Андрей не помнил, как одевался. Как ловил такси. В памяти осталось только Можайское шоссе. Мокрый асфальт, блестящий в свете мигалок. Дождь со снегом, превращающий мир в черно-белое кино. И машина. Старая "Тойота" Костика. Она была похожа не на автомобиль, а на жестяную банку, на которую с размаху наступил великан. И черный "Гелендваген" виновника. Огромный, хищный, почти целый. Пьяный мажор, сын какого-то депутата или бизнесмена, вылетел на встречку. Костя погиб на месте. Мажор отделался испугом и адвокатами.
Морг. Запах формалина и дешевых сигарет санитаров. Андрей помнил, как дрожали его руки, когда он подписывал протокол. Ручка не писала, рвала бумагу. А потом были похороны. Лена стояла у гроба. Она не плакала. Она окаменела. Её лицо было не бледным, а черным — от горя. Рядом жались дети. Маленькая Маша держала мать за палец. Сашка сжимал в кулачке игрушечную машинку и смотрел на отца, лежащего в странном деревянном ящике. Он не понимал. В его глазах был вопрос: «Почему папа спит здесь, на улице, под дождем? Ему же холодно».
Андрей тогда поклялся себе. Стоя под мокрым зонтом, глядя, как комья глины (такой же тяжелой и липкой, как здесь, в V веке) падают на крышку: "Я их не брошу. Я заменю ему отца, насколько смогу. Я буду рядом".

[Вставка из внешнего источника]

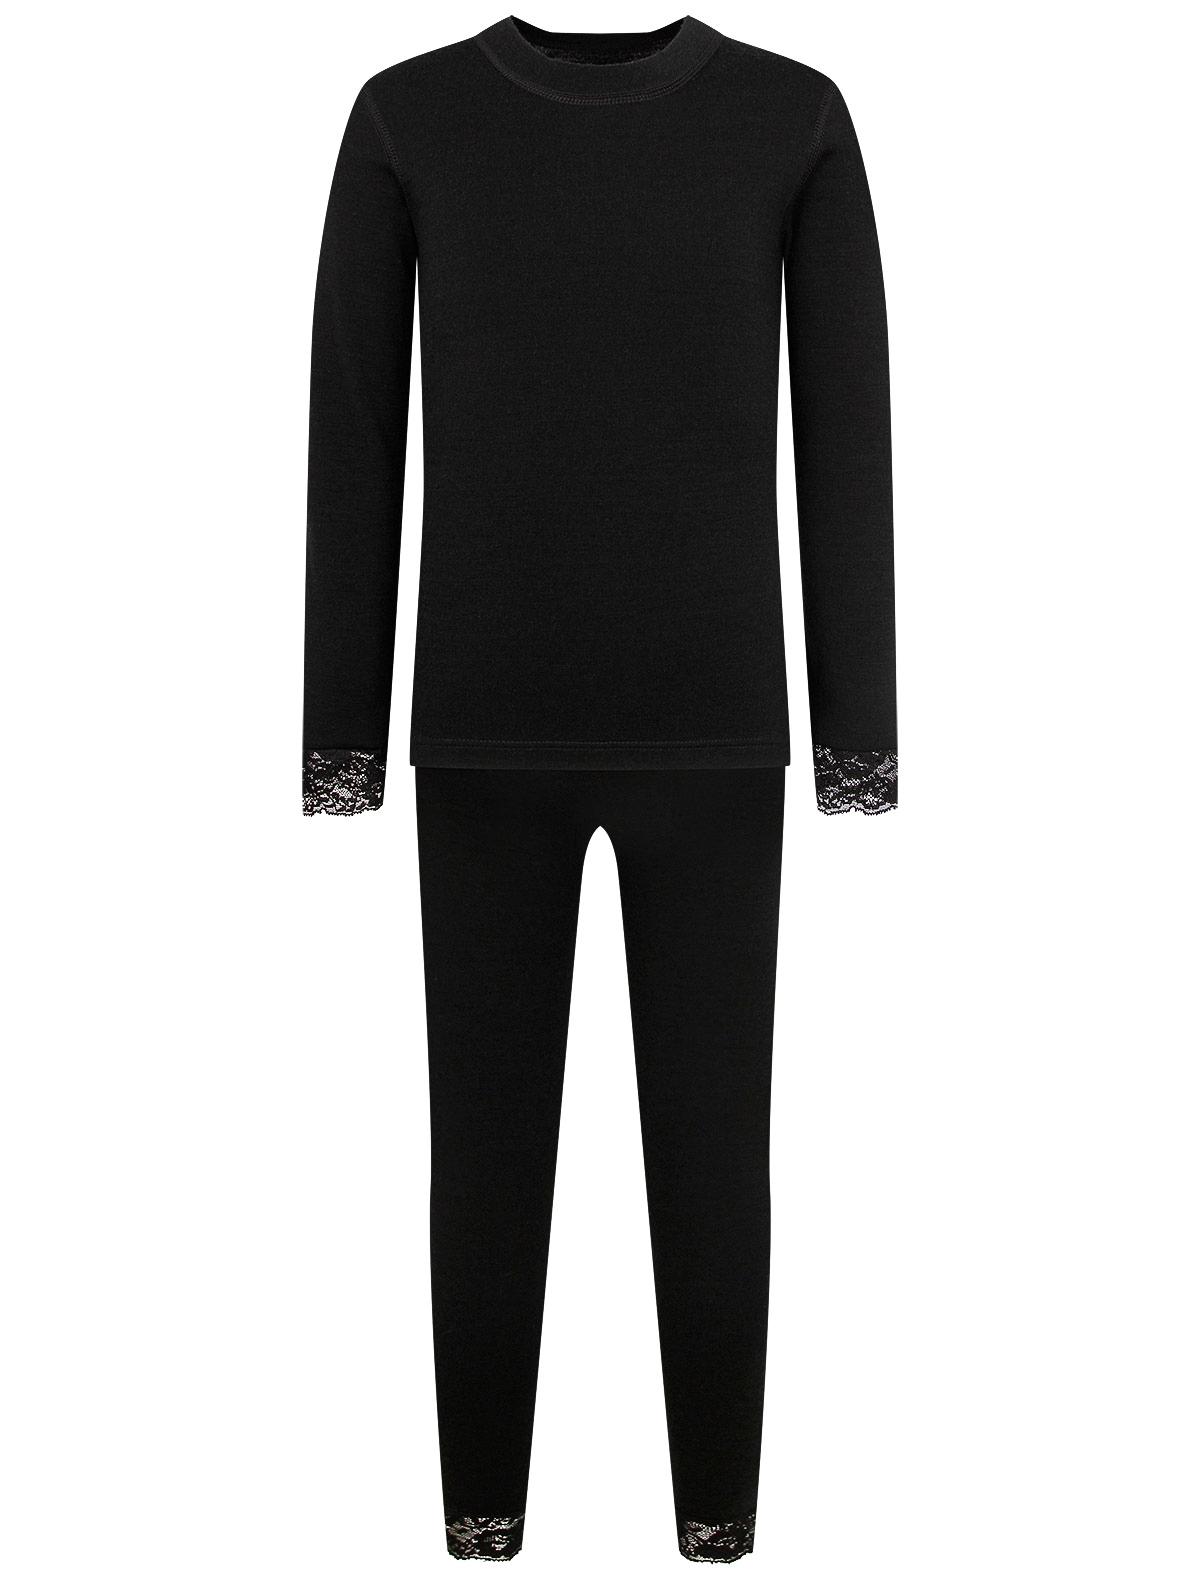 Купить 2257099, Термобелье Air wool, черный, Женский, 1724509080088

И что он сделал? Первый месяц он действительно был рядом. Приезжал через день. Привозил продукты сумками, давал деньги (Лена не работала, сидела с детьми). Чинил текущий кран в ванной, менял лампочки. А потом... Потом стало больно. Невыносимо больно. Больно видеть пустые глаза Лены, в которых читался немой, кричащий вопрос "За что?". Больно видеть Сашку, который каждый раз бежал к двери на звонок с криком: "Папа!", а потом останавливался, видя Андрея, и в его глазах гас свет. "А, это ты, дядя Андрей... А папа скоро приедет?"
Андрею стало неудобно. Неудобно перед их горем. Неудобно быть живым, здоровым, успешным рядом с их разбитой жизнью. У него были оправдания. Работа. Проекты. Срочные командировки. Дедлайны. Он стал приезжать реже. Раз в неделю. Раз в месяц. Потом перестал приезжать вовсе. Только звонил по праздникам. Откупался переводами на карту. "Лена, привет, я там денег кинул, купи детям что-нибудь". Он сбежал. Трусливо, подло, постепенно. Он оставил вдову и двух сирот барахтаться в черном омуте горя одних, потому что был слишком слаб духом, чтобы стать им опорой. Он не смог выдержать груз чужой беды.
А потом он исчез. Провалился сюда, в прошлое. И теперь, там, в его времени, прошло, может быть, полгода. Лена звонит ему, а номер недоступен. И она, наверное, думает: "И последний друг предал. Забыл". — Трус, — прошептал Андрей в темноту, с силой втыкая нож в дерево скамьи. Лезвие вошло глубоко. — Ты просто трус, Андрюха. Ты не смог смотреть в глаза живым мертвецам. Ты струсил быть мужчиной.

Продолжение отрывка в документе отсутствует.